Forum

UK labeling kids as potential terrorists extreme, harmful

Editorials featured in the Forum section are solely the opinions of their individual authors.

Throughout my years of elementary school and middle school, I saw teachers branding students as “brilliant,” “dumb,” “kid-with-a-potential-for-greatness,” “absolutely abysmal.” I have never really approved of this branding — it either made children think too highly of themselves or think that they had no promise at all — and when I heard of another label being put on children — that of “potential terrorist” — I flipped out.

According to an article in the British publication The Independent, the police have identified 200 schoolchildren in the U.K. as “potential terrorists,” as these children were “vulnerable to Islamic radicalization.” The aim of this picking and choosing, it seems, is to change the mentality of the children at a young age and prevent new terrorists from developing.

While the ultimate goal of this process may seem noble — preventing the creation of more terrorists is great — I have issues with the way this is being done. The details of what is going to be done with this group of children seem a little unclear. The article explains that the selected children will be a part of a program that includes discussions with parents, teachers, and the local imam. But it also states that “a handful have had intervention directly by the police.” “Direct police intervention” could mean anything — and having a rather wild imagination, I’ve been having visions of the worst. Even if we consider the best scenario, that the program only involves discussions with the children, picking out a handful of children and telling them that they are being given therapy sessions as they are more prone to blowing up the world than their other classmates is not the way to go about doing this.

Labeling children as anything has a profound effect on how they turn out later on. If you take a handful of children aside and label them as “dangerous,” they are going to feel intimidated. It’s not hard to imagine what the natural tendency of such children would be — would they realize that the counseling is for their own good and that of the rest of the world, or would they start thinking that they are being targeted and prosecuted for no apparent reason? Although this may not occur in all the cases, I believe that for a majority of cases, the counseling will only end up in producing children with low self-esteem who feel that they are always under the scrutiny of the public eye and the law. In fact, this might result in the exact opposite effect of what the authorities are hoping for; instead of preventing these children from turning to terrorism, the program might end up affecting the child’s self-confidence to such an extent that he or she might turn to extremist groups for protection. Although this is the extreme case of what may happen, what is more likely to occur is that children who could have grown to be confident, smart individuals will grow up to be nervous adults.

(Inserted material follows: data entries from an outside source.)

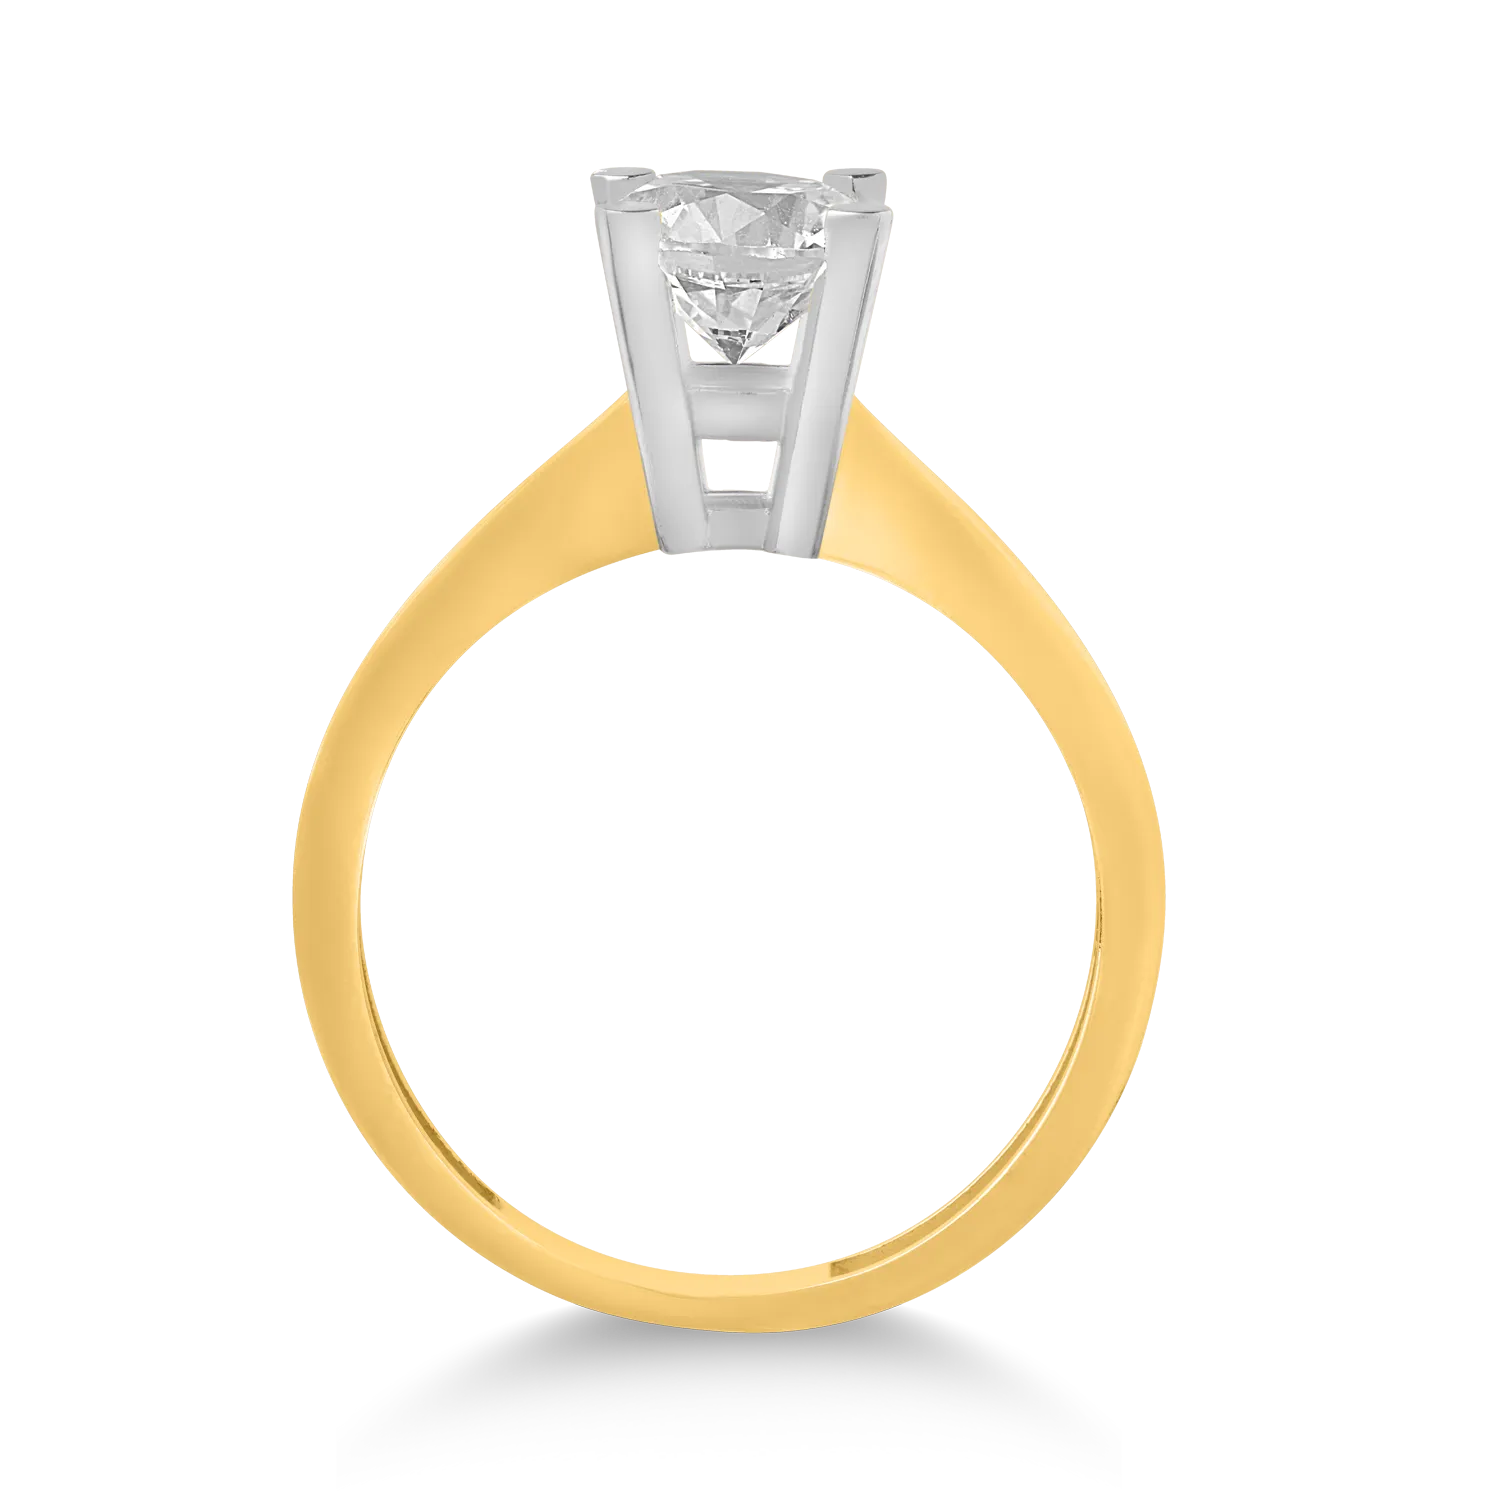 14 karátos sárga arany eljegyzési gyűrű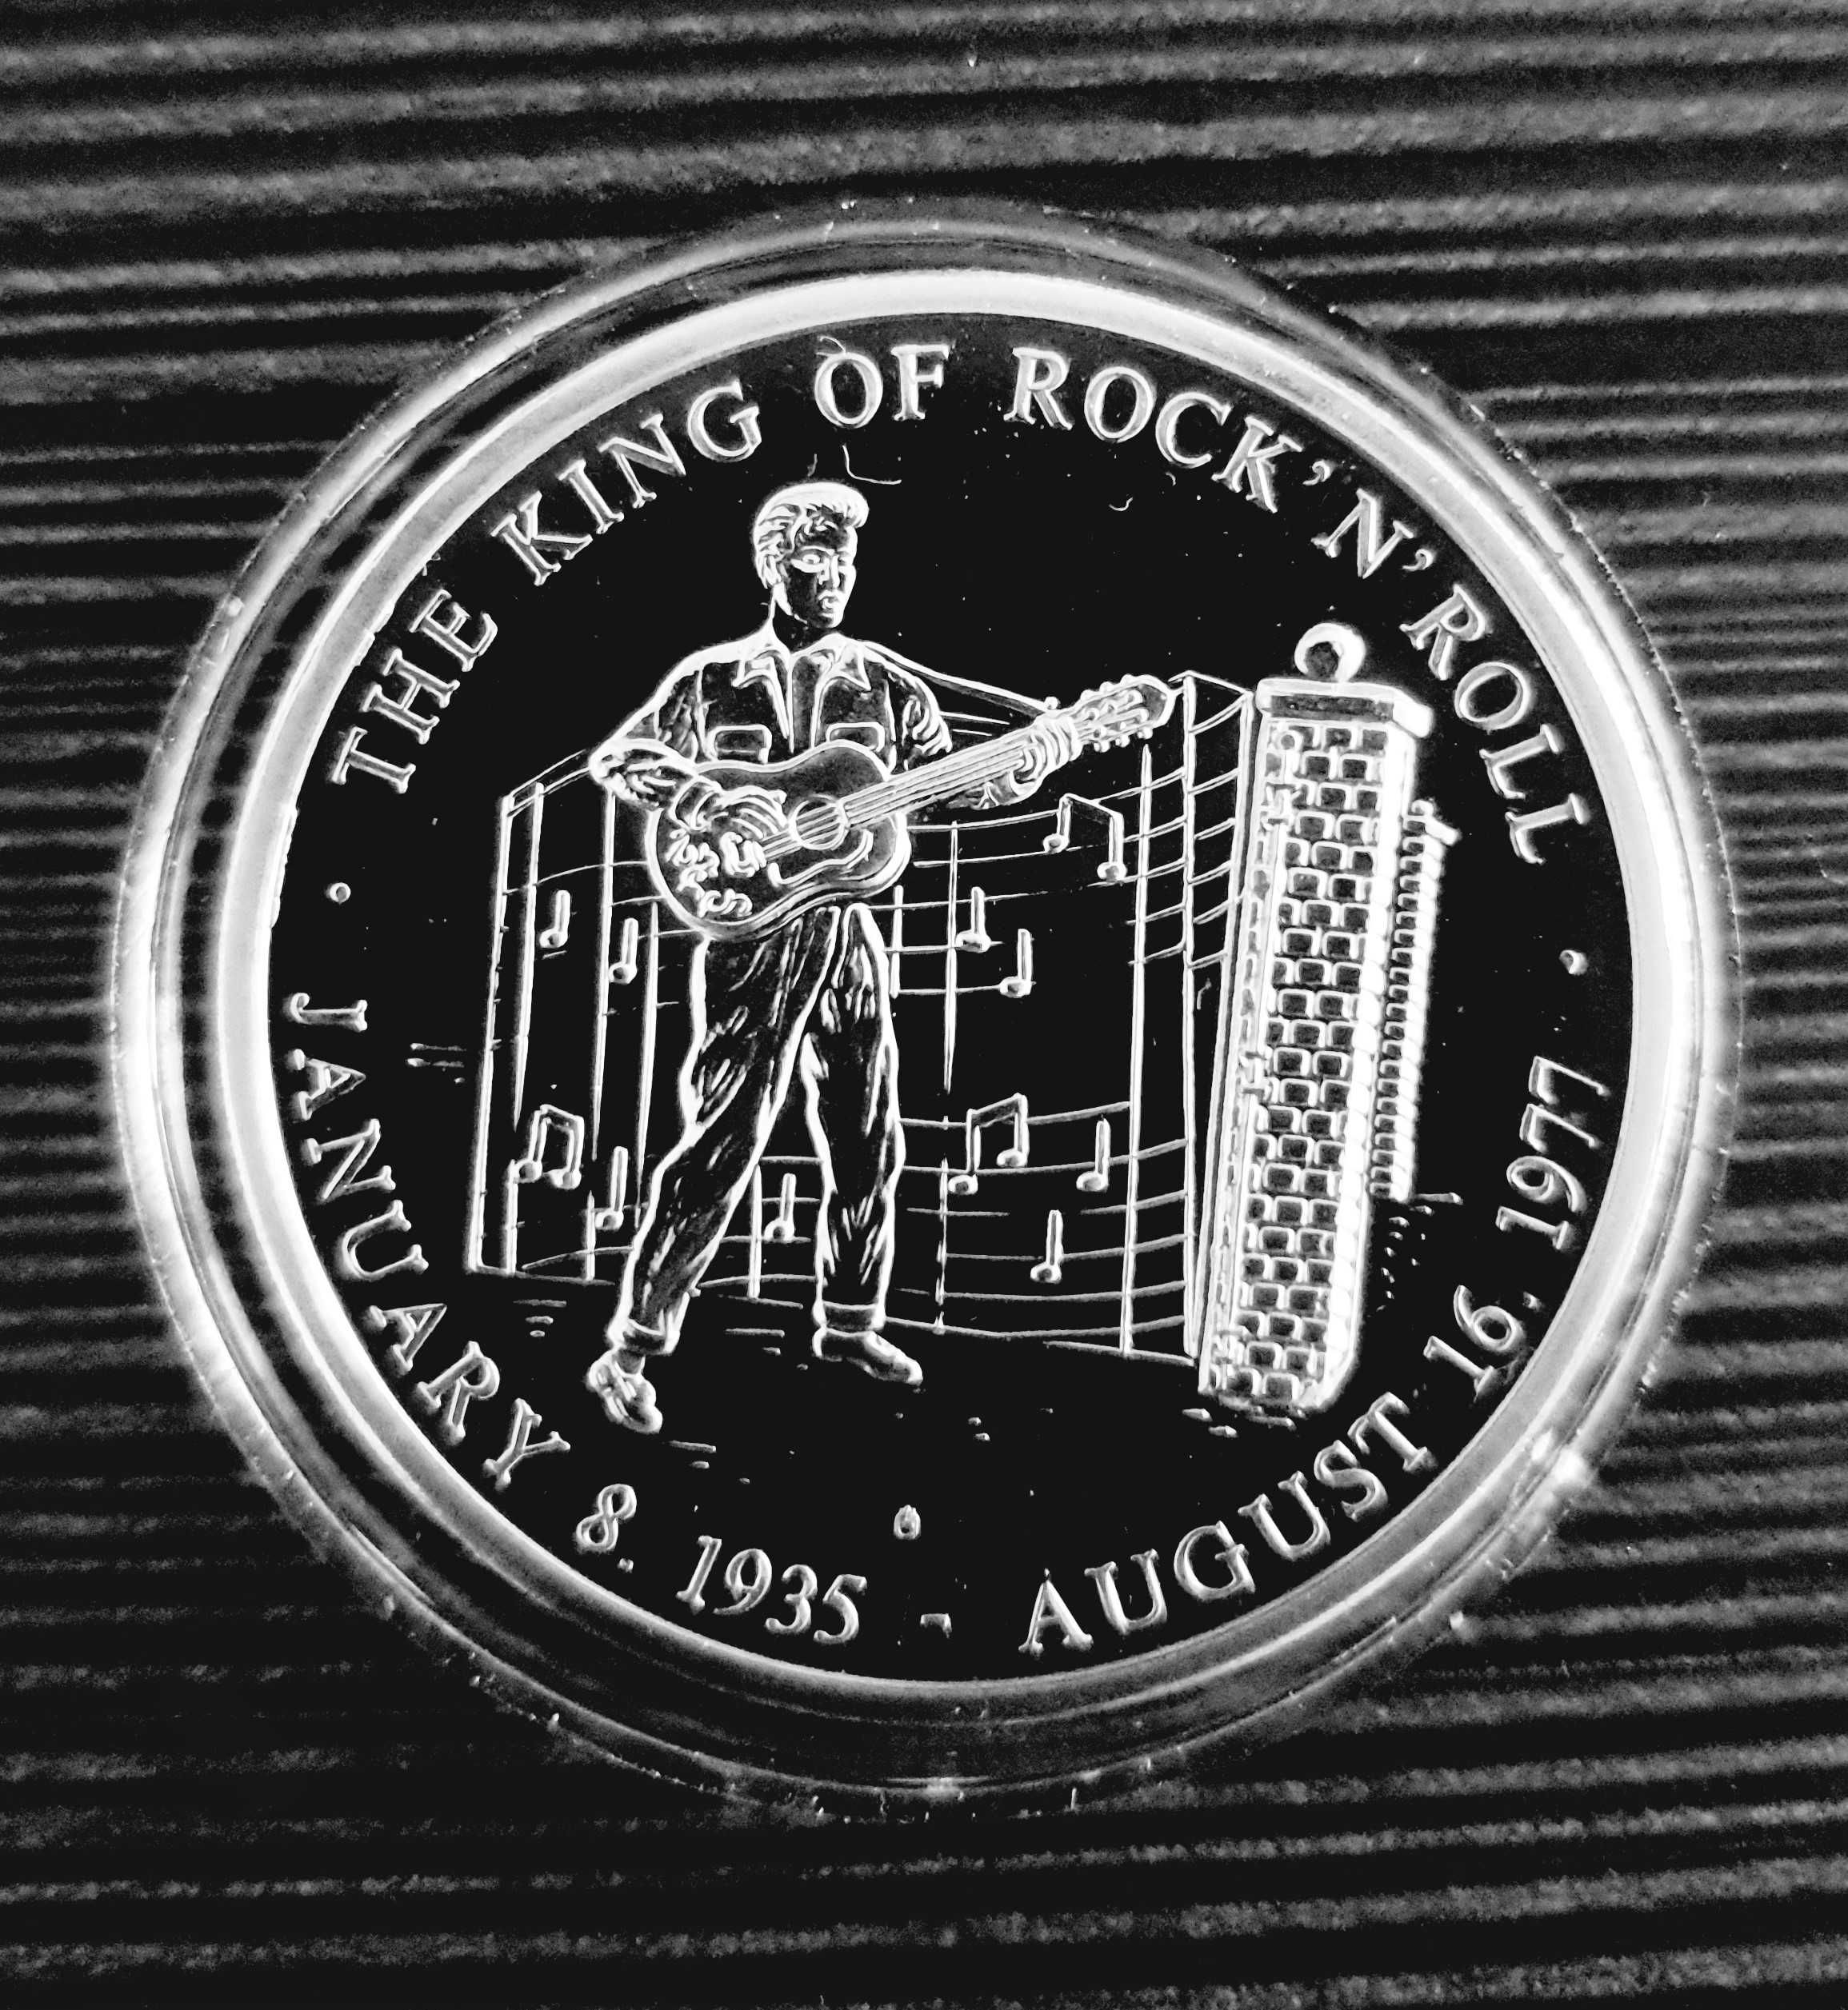 Elvis Presley moneta medal "The King of Rock'n'Roll"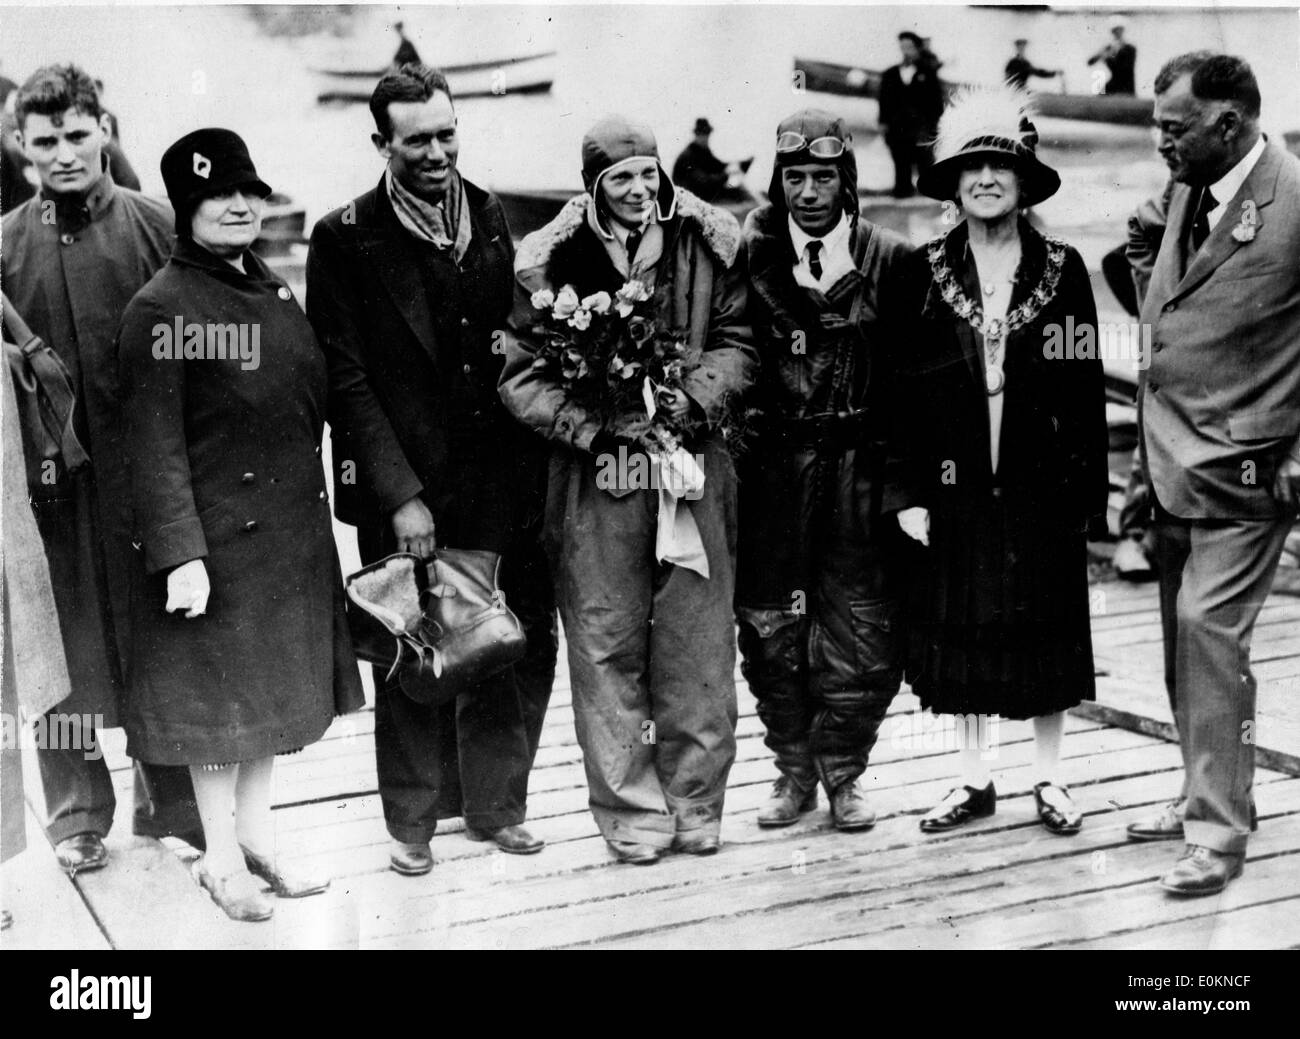 Louis 'slim' Gordon, Amelia Earhart e Wilmer Stultz dopo aver attraversato oltre oceano Atlantico Foto Stock

Programs like this are examples of desperation and thoughtlessness in difficult times. I agree that as terrorist attacks become more and more frequent, people feel the urgent need to do something about it, but if the plans are not well thought out, they could have serious repercussions. The authorities need to think about the consequences of the programs they plan before implementing them. If the authorities were really concerned about extremist groups’ influencing young children, they could start programs in schools that educated all children about the dangers of wrong influences. The discussions in the program could be the same, but if they were directed at all children instead of just a select group of children, they might be more effective and less intimidating.

The authorities have to realize that dealing with such issues, especially when they relate to children, can be extremely tricky, and have to be handled with utmost care.